How Do You Determine the Coefficients of a Cubic Function with Given Extremes?

[Jeff Ford]

Find a cubic function $$f(x) = ax^3 - bx^2 + cx - d$$ that has a local maximum value of 40 at x = 1 and a local minimum valud of -68 at x = 4

Since x = 1 and x = 4 are the max and min, respectively, then f'(x) must equal 0 at x = 1 and x = 4. Therefore $$f'(x) = (x-1)(x-4) = x^2 - 5x +4$$

Using the original function $$f'(x) = 3ax^2 - 2bx +c = x^2 - 5x + 4$$

Setting the terms equal to each other we get
$$3ax^2 = x^2 \Rightarrow a = \frac{1}{3}$$
$$-2bx = -5x \Rightarrow b = \frac{5}{2}$$
$$c = 4$$

Substituting these values back into the original equation I get

$$f(x) = \frac{x^3}{3} - \frac{5x^2}{2} + 4 - d$$

When I solve for d using x = 1 and f(x) = 40 I get

$$d = \frac{1}{3} - \frac{5}{2} - 36 = \frac{-229}{6}$$

However, when I solve for d using x = 4 and f(x) = -68 I get

$$d = \frac{4^3}{3} - \frac{5(4^2)}{2} + 84 = \frac{226}{3}$$

Any ideas where I went wrong, or if I was down the wrong track to start with?

Thanks
Jeff

 

[arildno]

Eeh, from what I can see, we must have:
$$f'(x)=K(x-1)(x-4)$$, where K is some arbitrary constant.

 

[Jeff Ford]

So if that was brought into the equation, would I be solving for a, b, c, & d in terms of K?

 

[StatusX]

No, you need to solve for a value of K and a value for the integration constant which give you the desired values at x=1 and 4. And don't worry about solving a,b,c,d seperately as unknown variables. Just find the right cubic and then you just can read them off.

 

[arildno]

Well, there was nothing inherently wrong about Jeff's idea. A bit cumbersome, that's all.

 

[Jeff Ford]

Sorry, not familiar with the idea of an itegration constant. We just finished sections of optimization problems and Newton's method. The next section is antiderivatives. So I have to solve this without any concept of integration.

 

[Jeff Ford]

Could someone direct me towards information on finding the integration constant, if that is indeed the most direct way to solve this problem?

Thanks
Jeff

 

[benorin]

Scratch the whole integration constant idea gig: no integration for you.

 

[HallsofIvy]

f'= k(x-1)(x- 4)= kx^2- 5kx+ 4k= 3ax^2+ bx+ c so
a= k/3, b= -5k and c= 4k. Evaluate f(x)= (k/3)x^3- 5kx^2+ 4kx+ d at 1 and 4 to get two equations for k and d.

 

[benorin]

We have 4 unknowns, hence we need 4 equations to solve: they are f(1)=40, f(4)=-68, f'(1)=0, and f'(4)=0.

 

[J77]

Where you went wrong in finding d in your OP was substituting the values at f'(x)=0 into f(x)...

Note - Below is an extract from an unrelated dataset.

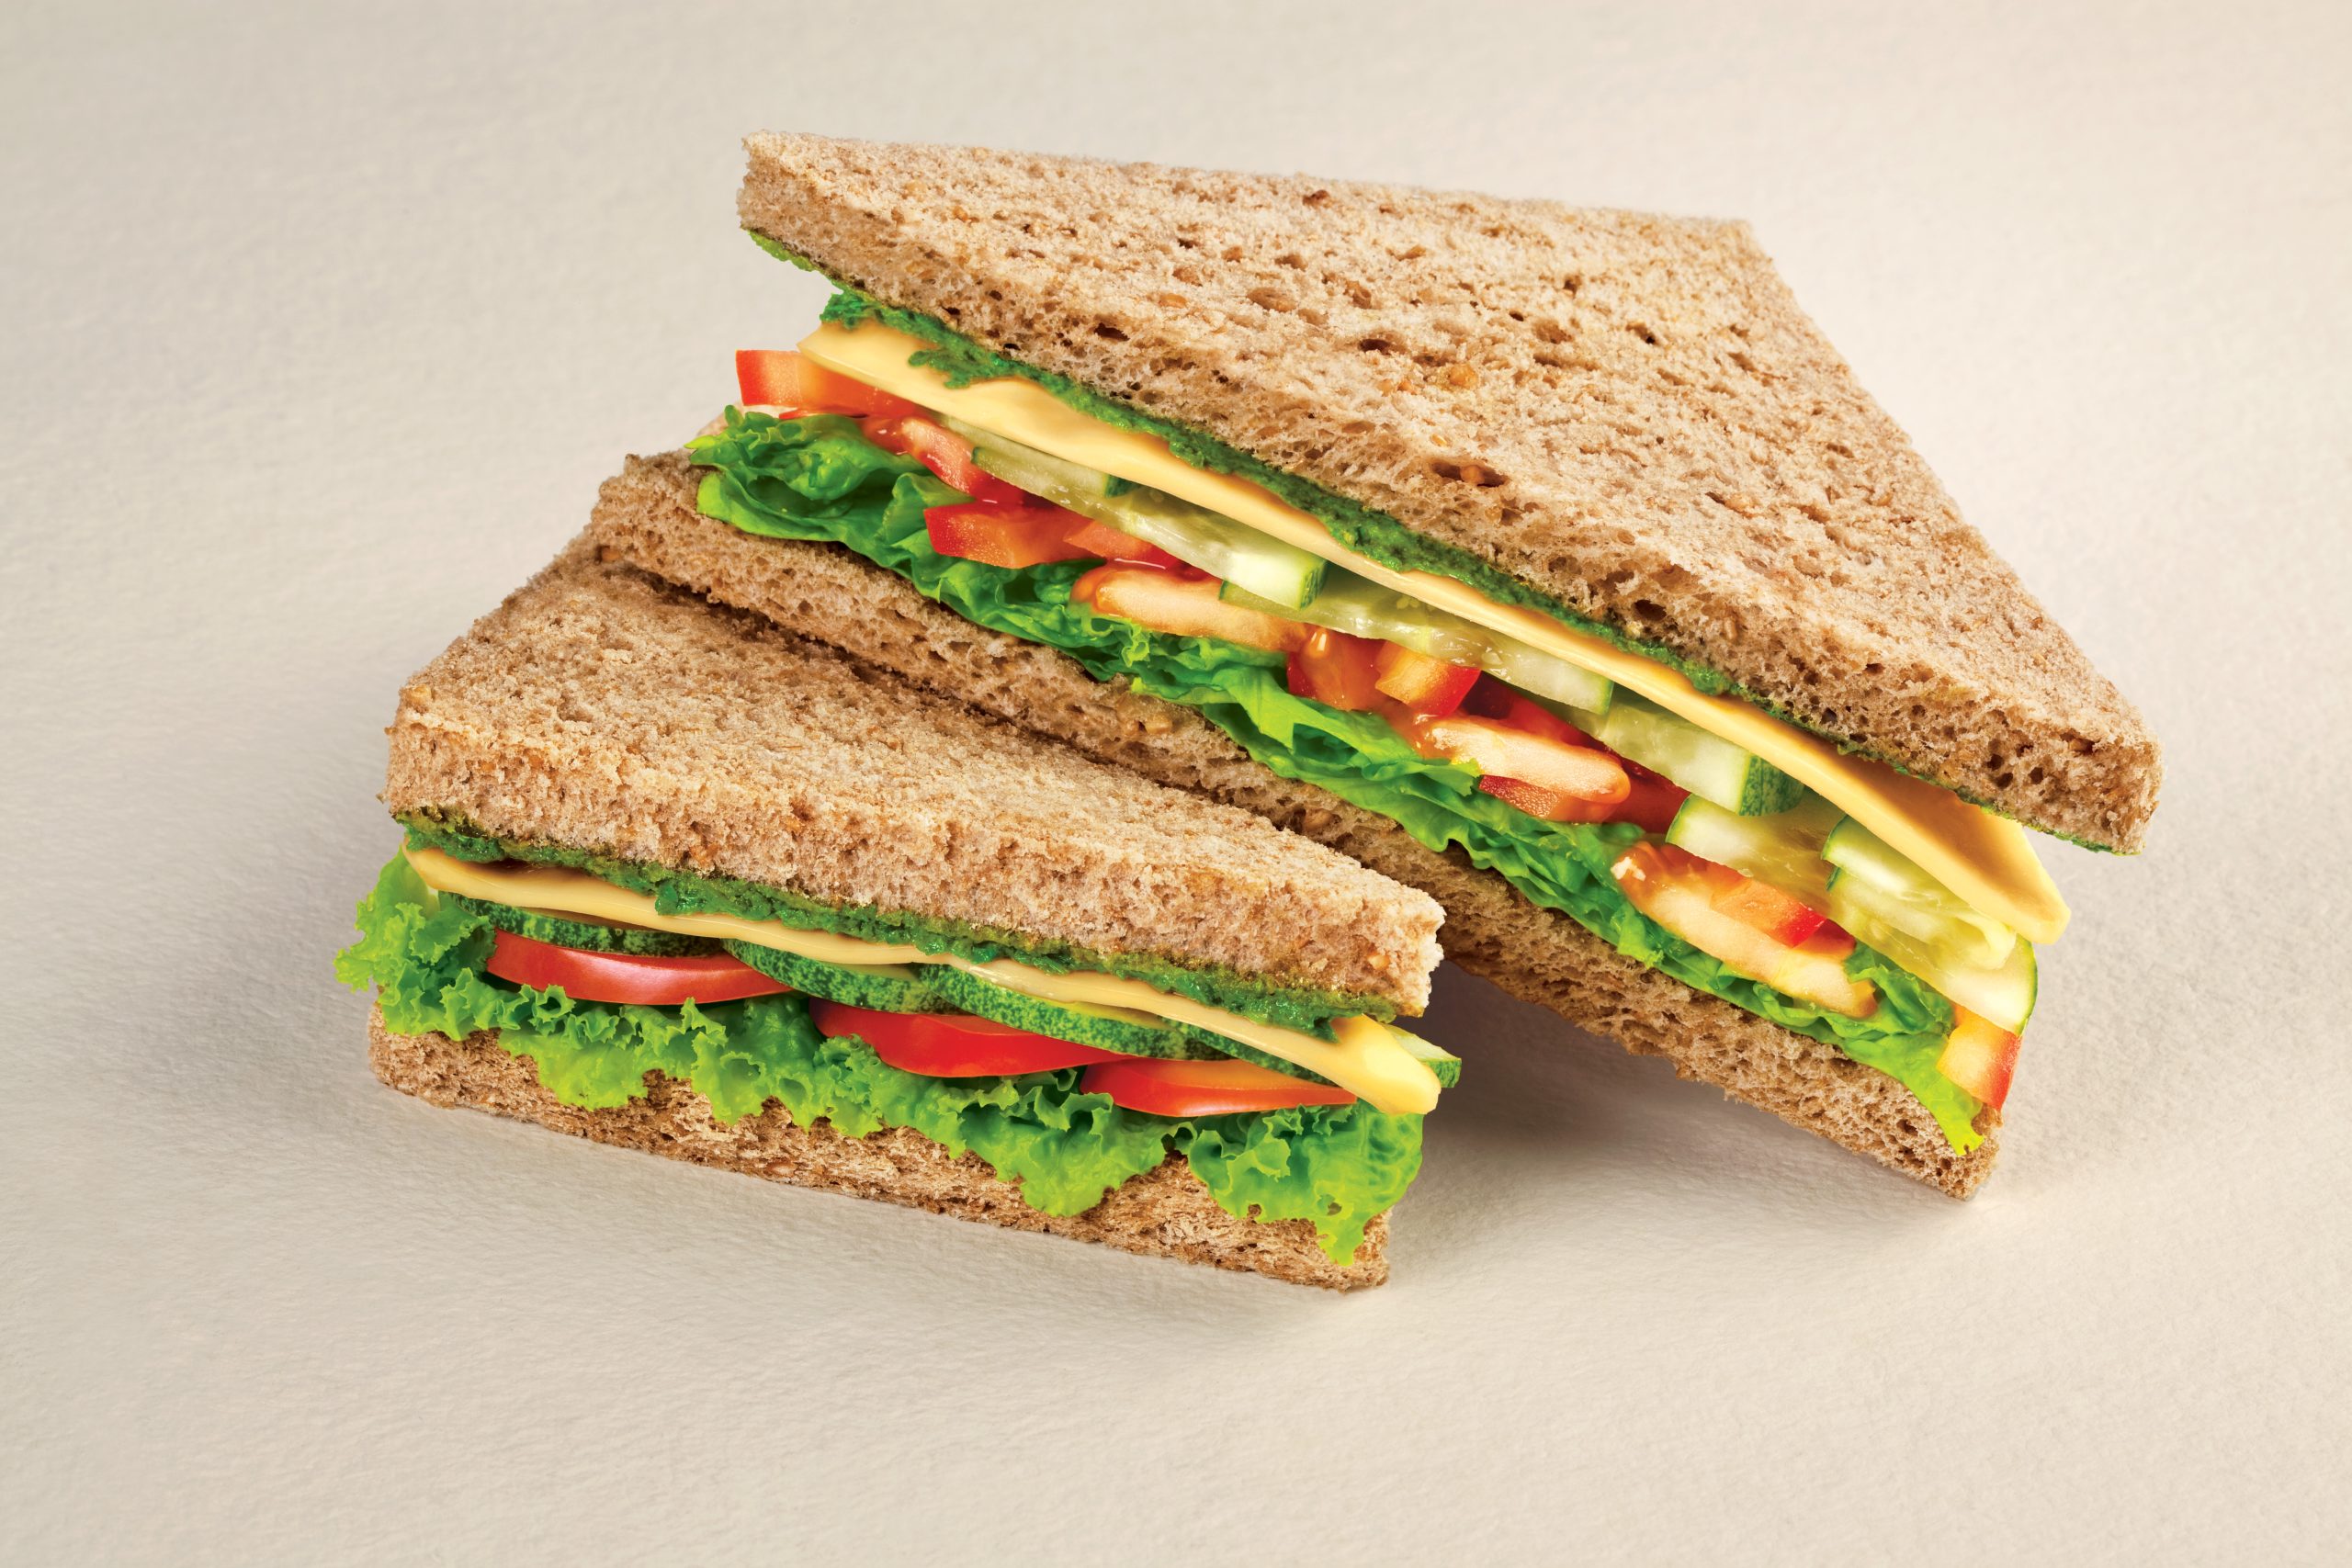 Unique and creative sandwich combinations

You may also want to use: f''(1)<0, f''(4)>0

 

[Jeff Ford]

Thanks to all. I used K(x-1)(x-4) = 0, solved for a, b, and c, then went back to the original equation and used x = 1 and x = 4 to get two equations for d in terms of K. I set them equal, solved for K, and when I plugged it back in I ended up with values for a, b, c, and d that satisfied all conditions.

 

[joyjoy61]

Can anyone explain this further?

Can anyone explain this further? I have a similar problem, and I'm having trouble following what the correct answer Jeff figured out in the end was.
How does one make an equation for d in terms of K, for instance?